# Your thoughts on Messiaen?



## Itullian (Aug 27, 2011)

his music, i mean.


----------



## Guest (Nov 9, 2011)

He is the anomaly in the list of composers I greatly admire and enjoy. I first heard his "Vingt Regards . . ." and instantly was drawn to his music, despite the fact that atonality is pretty much absent from my collection. His Quartet for the End of Time and his Turangalila Symphony are also incredible works. For fans of organ music, his works are also not to be missed - I am still working my way through Latry's recording of them on DG.


----------



## AmericanGesamtkunstwerk (May 9, 2011)

I love 'im. means a lot to me. Quartet for the end of time gets me. and the birdsong pieces i've heard.


----------



## science (Oct 14, 2010)

Hopefully this topic will move along a bit and the mods can merge it with the Messiaen thread. 

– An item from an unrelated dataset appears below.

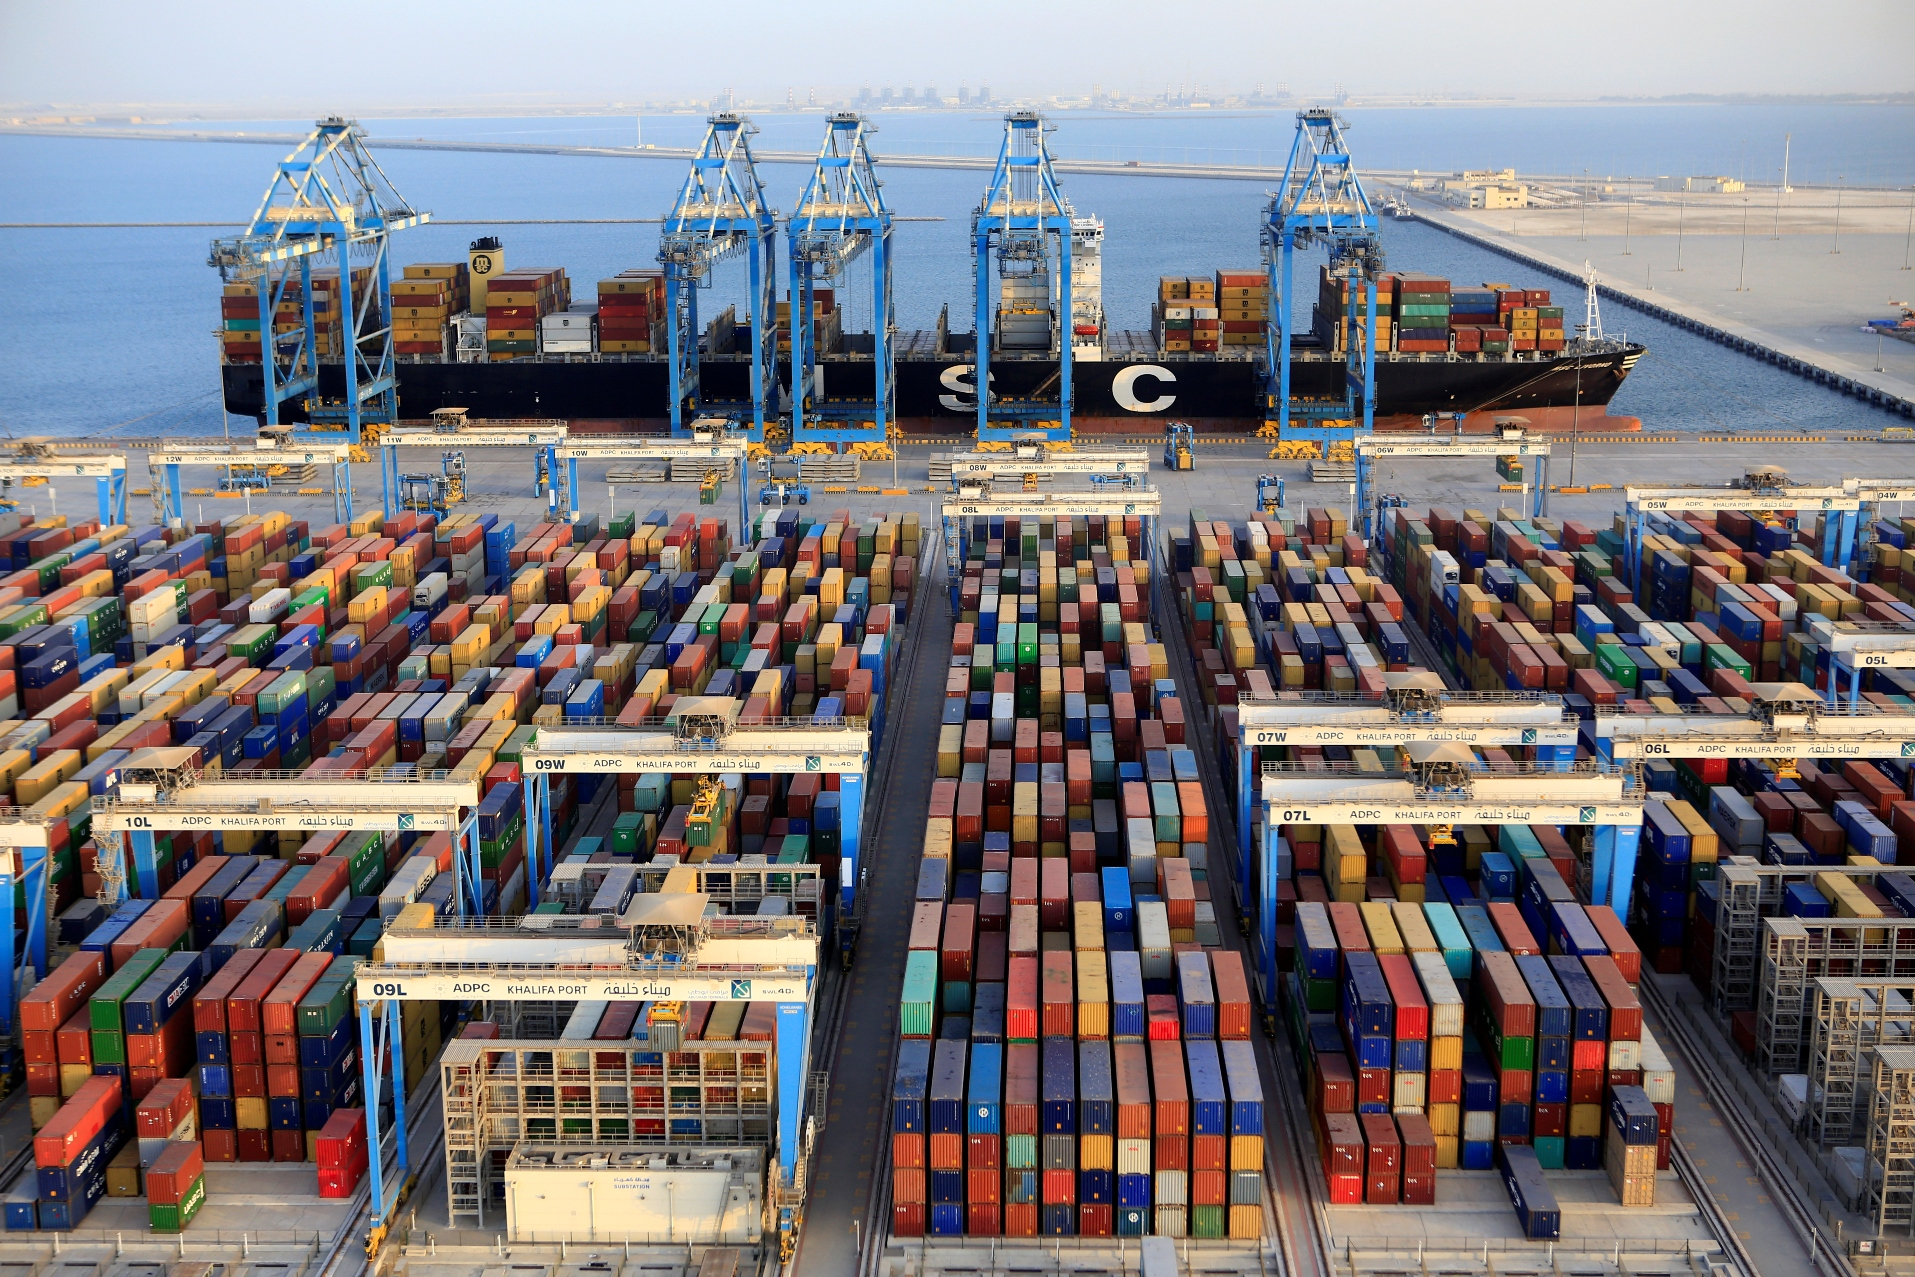 Container port photo

Anyway, I really like the quartet for the end of time, the Turangalîla symphony; the catalog of birds is interesting; but for now at least Et expecto is my favorite Messiaen work.


----------



## GoneBaroque (Jun 16, 2011)

I am very fond of his music. The organ works, of course. arguably the finest composer for that instrument in the 20th Century. But is his other works the way he is able to blend his profound faith with the sound of his beloved birds and his love for Oriental Mysticism strikes a deep cord with me. I have not heard his Opera on Saint Francis but hope to soon. I have a number of recordings of his music and I guess I could say that I have not heard anything by him I did not like.


----------



## MessiaenIsGod (Mar 25, 2010)

I discovered Messiaen when I was studying music theory at the Oberlin Conservatory over 20 years ago. Hearing his music was like a revelation to me in the sense that for the first time, I heard music as I heard it in my head being written by someone else. I doubt that many others will have such an experience, but for me, it was like suddenly hearing someone write music the way I always wanted to hear it but never had.


----------



## Xaltotun (Sep 3, 2010)

Man, I would like to like him more! I like some works, but others have been too hard to crack for me, so far. I have a "thing" for crazy catholic artists in all the arts... Messiaen would fit in so well. Have to listen to him more.


----------



## ptr (Jan 22, 2013)

Just like Bach or Mahler, he has that "You can always discover something new" quality in his music every time You re-listen to any his works, for me that is a sign of a great composer! And without actually being Synaesthetic, if I close my eyes when I listen to his music a rainbow of dancing emotions come to me, it is most joyous!

/ptr


----------